# MTD 5 hp 22 inch approx MY 2000? 31A-611D129 Generic Upgrades?



## M3EuroLTW (Feb 21, 2021)

I added electric start to mine several years ago, helps me out, have an unstable shoulder.

It appears to me that many many parts are in common over the years between models. This is a two stage MTD 5 HP Tecumseh engine. Single auger belt.

What can I do to improve its ability to throw the snow? 
What can I do to improve its traction? Do the chains I see in some images make that much difference?
Is it worth spraying RainX or some Silicone spray in the chute to help avoid heavy wet snow clogging it up?

Is there perhaps an upgraded snow-throwing mechanism? Would a more powerful engine (I see people mentioning Predator from HF) help throw the snow better, or, are those really only needed if you go to wider augers etc?

It's "wide" enough for my purposes.

Curious what enthusiasts have done to tweek their older snowblowers... maybe technology hasn't changed enough to have anything meaningful.


----------



## JLawrence08648 (Jan 15, 2017)

Use ceramic wax on the chute and auger area, or line it with plastic, install a rubber impeller kit, make sure the carburetor is up to snuff, the RPMs are at 3,550, the latter may be the most important.


----------



## tpenfield (Feb 24, 2015)

Impeller modification may be a way to improve the throwing capability. Check the amount of gap between the impeller blades and the housing at/near the point of exit to the chute. If it is around 1/4" or more, then an impeller mod. is worth it.
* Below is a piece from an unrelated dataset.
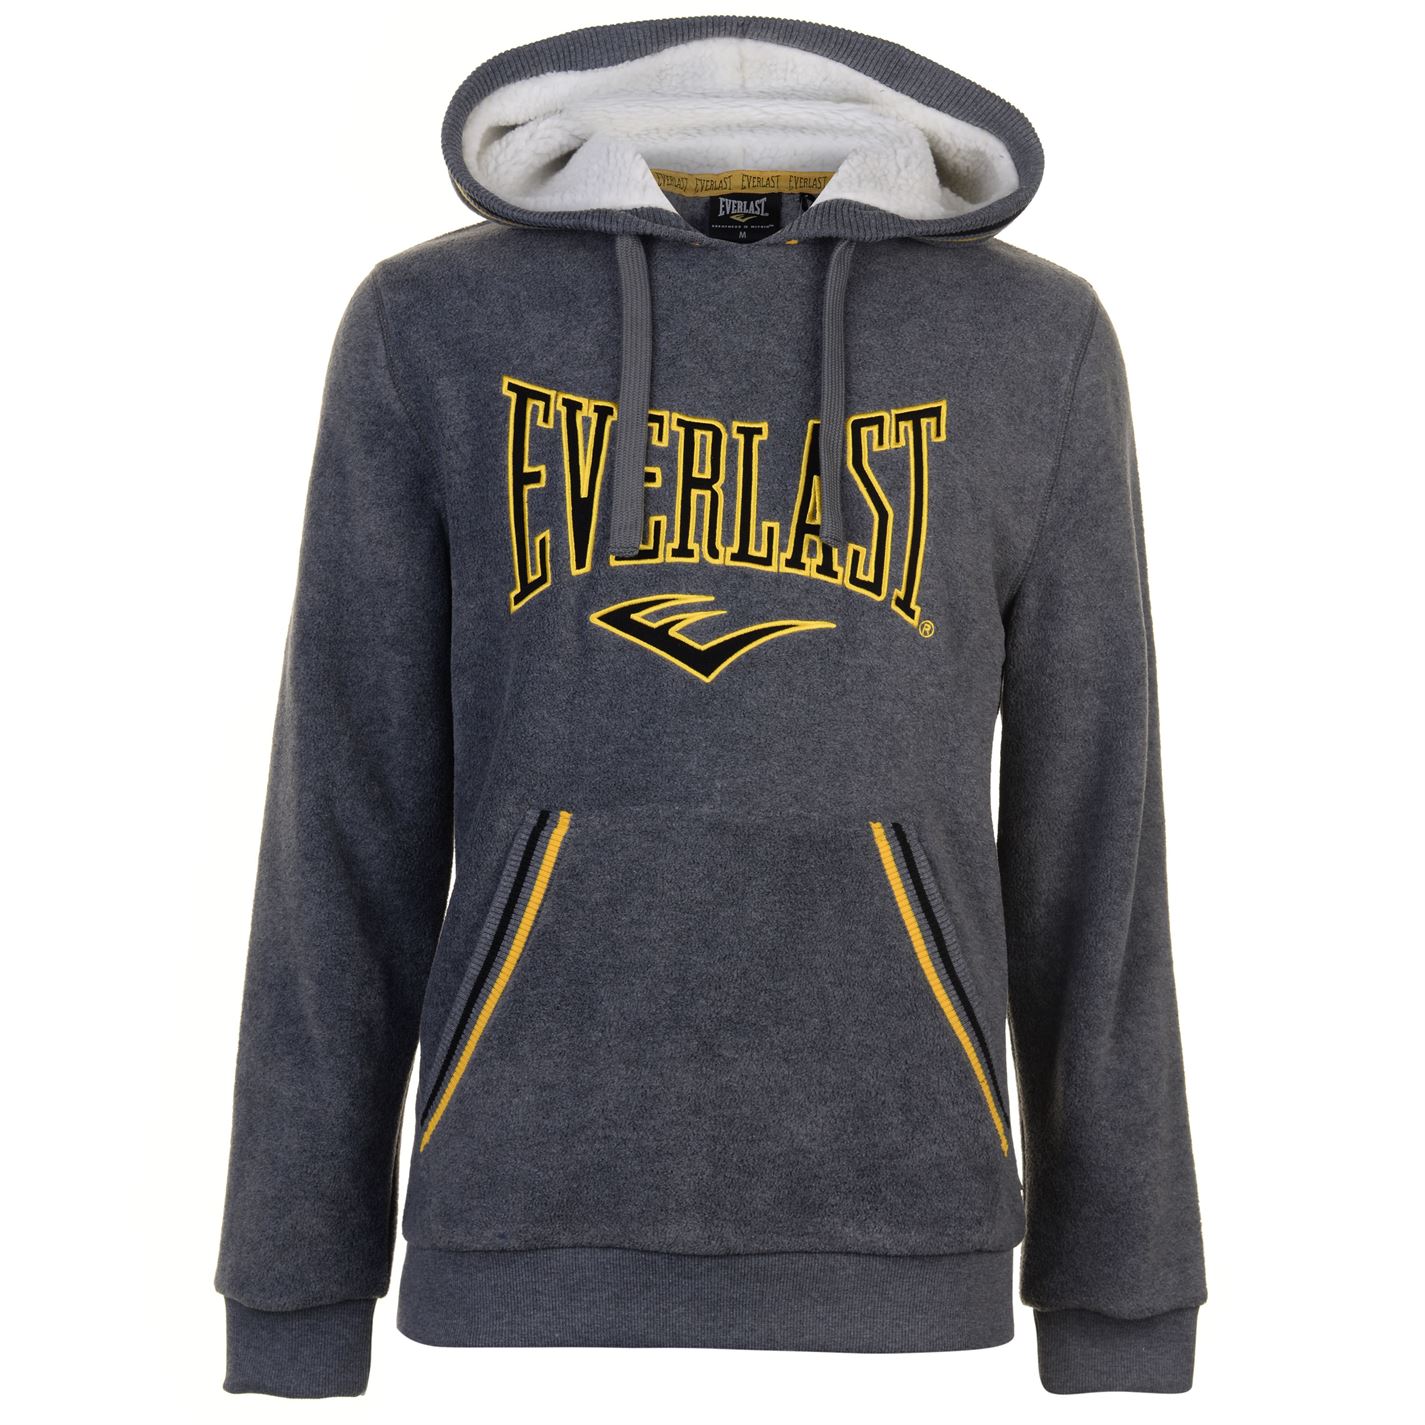 Спортивная Одежда Everlast Интернет Магазин

The Predator 212cc engine would also be a nice upgrade. It will give you about 40% more power than the old 5 HP 
Tec engine.


----------



## drmerdp (Feb 9, 2014)

One of these just fell on my lap On Friday lol. It’s a bit of a mess, but it’s handy to have a 22” machine around the shop.

I would check your valve lash as first and foremost. Flatheads lose their lash quickly and their performance dwindles. Next would be impeller seals.
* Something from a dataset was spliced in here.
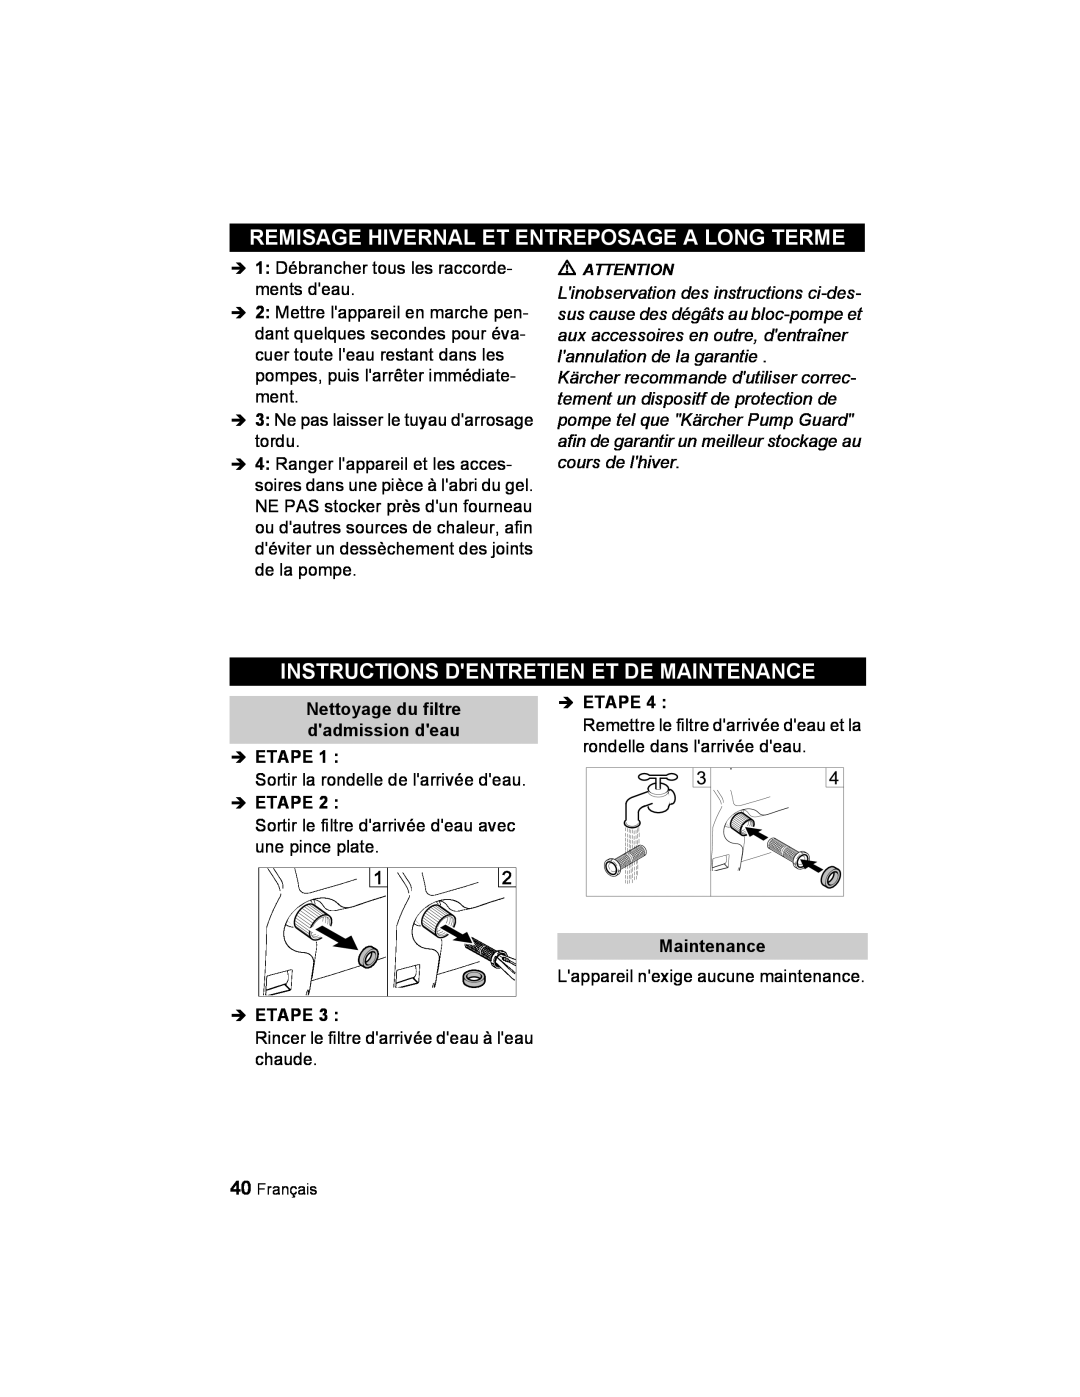 Karcher K 2.21 manual Remisage Hivernal Et Entreposage A Long Terme, Instructions Dentretien Et De Maintenance, Î Etape

If you are interested in a engine swap such as a predator 212, be aware that mine at least is a twin shaft. Meaning the drive belt is driven by the cam pulley which revolves backwards. A setup that no modern engine uses. The good news is it looks like the drivetrain might be reverse able to support a single shaft engine.


----------



## Toro-8-2-4 (Dec 28, 2013)

drmerdp said:


> One of these just fell on my lap On Friday lol. It’s a bit of a mess, but it’s handy to have a 22” machine around the shop.
> 
> I would check your valve lash as first and foremost. Flatheads lose their lash quickly and their performance dwindles. Next would be impeller seals.
> 
> If you are interested in a engine swap such as a predator 212, be aware that mine at least is a twin shaft. Meaning the drive belt is driven by the cam pulley which revolves backwards. A setup that no modern engine uses. The good news is it looks like the drivetrain might be reverse able to support a single shaft engine.


Drmerdp is 100% correct on everything. I own one of the these 22" MTD's (2000 Model year) and did the Preditor swap. A lot of work if you are up to it. Looking back I sure learned a lot from the experience, which I am grateful for, but would not do it again. With the impellar kit and winterized Preditor it is my go to machine right now. Very reliable, never clogs the chute and with the smaller bucket I can easily get between parked cars, through gates and other challenging tight spots in a city like environment.

If you keep the machine I would recommend tire chains or a better tire than stock. The impellar/housing gap is wide on these machines so the impeller kit is worth it. The single 3VX auger belt holds up fine. Even with the more powerful Predator reving at 3900 RPM. Good Luck.


----------



## RAOUL225 (Jan 24, 2020)

M3EuroLTW said:


> Is it worth spraying RainX or some Silicone spray in the chute to help avoid heavy wet snow clogging it up?


No, all these products will wash away the first time you use your blower.


----------